In Short: What We Learned

• The main value is predictability, not speed.Yes, deployments became faster. But what truly matters is that they are consistent every single time. No more “we do it slightly differently in this environment.”
• Auditors appreciate automation.“We always do it this way — here are the artefacts” is much stronger than “we try not to forget.” An automated process proves itself.
• The template pays off.The first service took a long time to integrate. The second was faster. The thirtieth took just a couple of lines in the config. Investment in a solid template compounds over time.
• GitOps is an approach, not a religion.Take the principles (Git as the source of truth, declarative configuration) and adapt them. “Pure GitOps” doesn’t survive in a regulated environment — but a GitOps-based approach absolutely does.
• Honesty about limitations builds trust.We don’t say “everything is automated.” We say, “This is what’s automated, this is what isn’t, and this is where we’re heading next.” And that works better.

Final Thoughts

We started from a place where every deployment was an event: it happened on a specific day, specific people were responsible for it, they created manual tickets, and everyone hoped nothing would break. Now we’ve reached a point where deployment has become routine. A developer simply clicks a button, the system does the rest, and the auditor is satisfied.

There’s no magic involved — we simply connected familiar tools (GitLab CI, Flux, Jira API, Slack) into a single workflow and gradually validated it, adjusting the process along the way to fit both the product’s needs and regulatory requirements. Step by step, service by service, we built an automated flow and made it much easier to track and retain the necessary data across 30+ services.

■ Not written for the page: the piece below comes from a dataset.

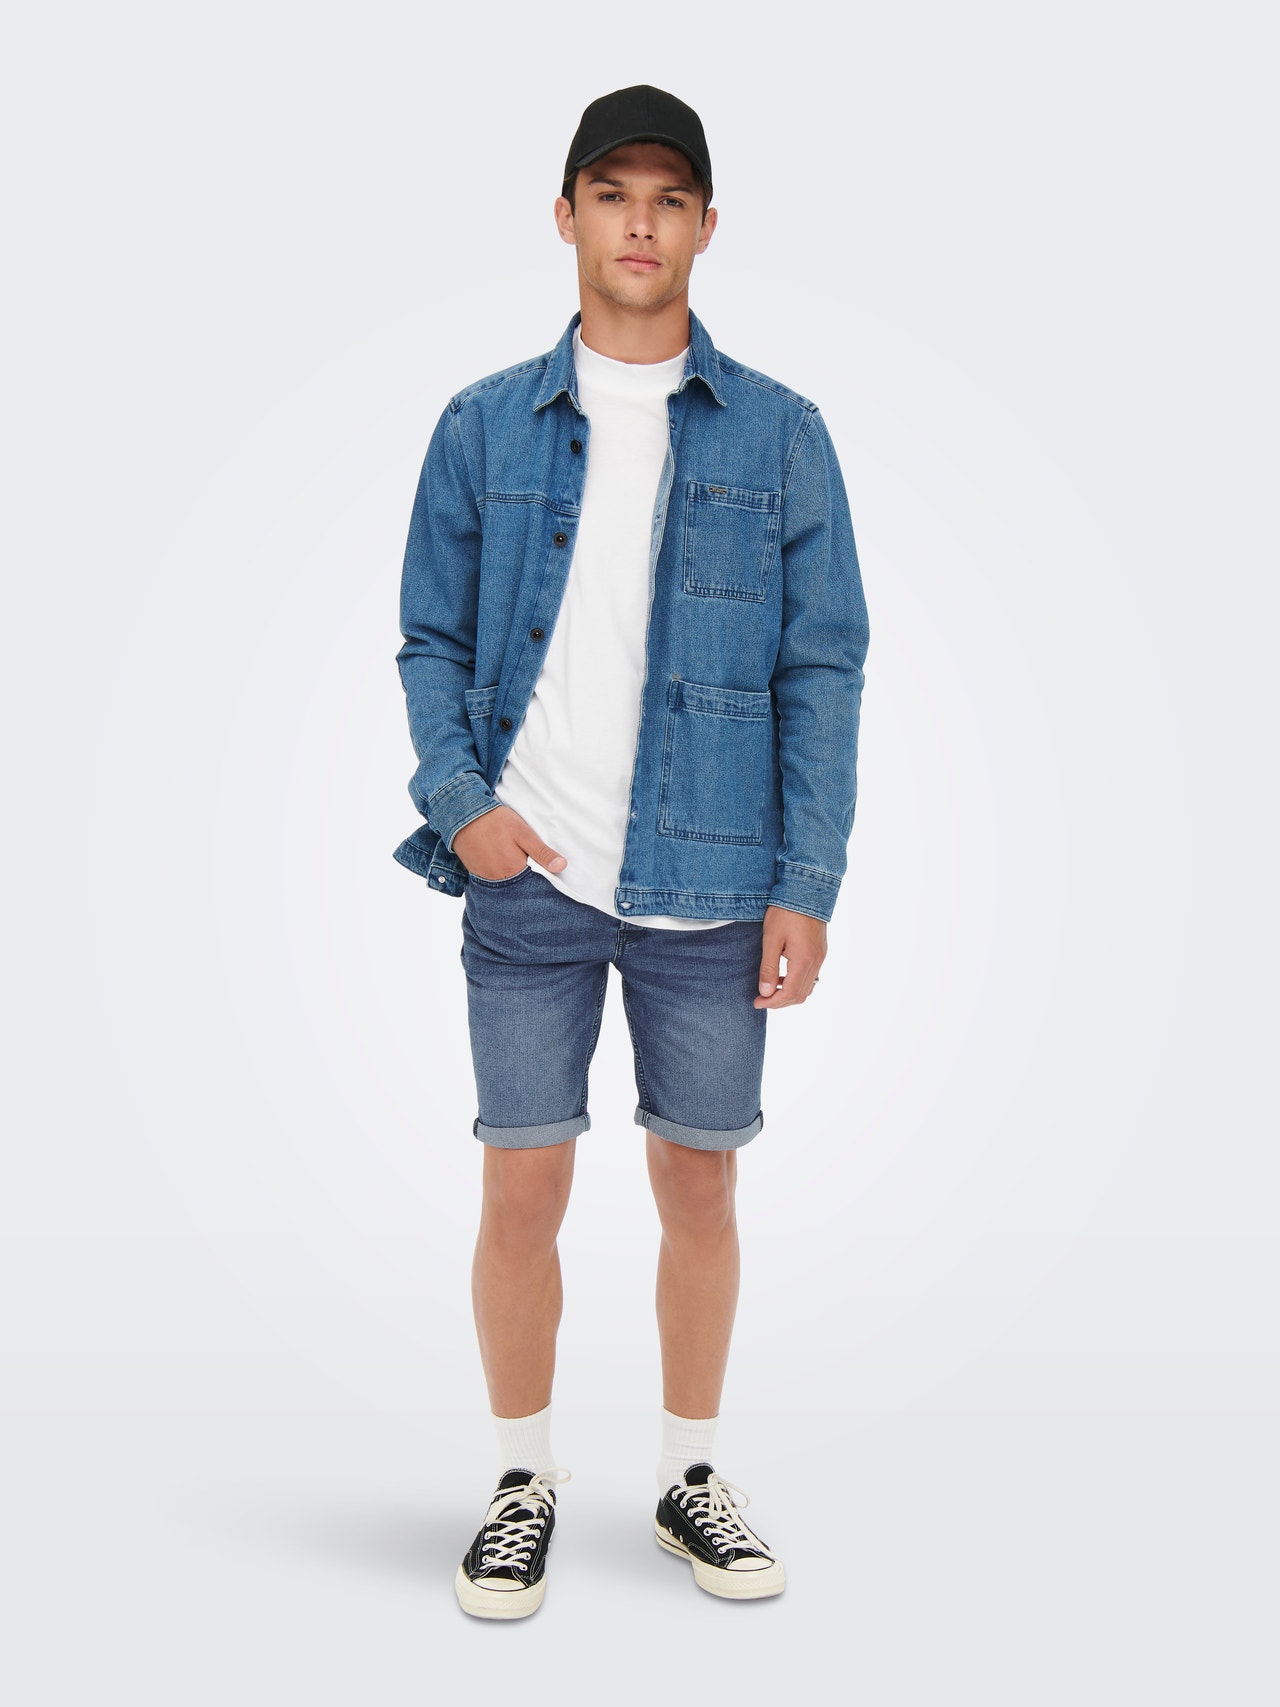 ONLY & SONS ONSPLY SHORTS BLUE PK 0754 -Blue Denim - 22020754

If you’re dealing with a similar situation — a CRM or another business-critical system with regulatory requirements and manual processes — we hope our experience shows that it’s solvable. Not instantly, not perfectly, but absolutely realistically.

Thanks for reading!

This article is based on real experience. System names, domains, and internal project details have been changed or generalised. All numbers represent an approximate scale.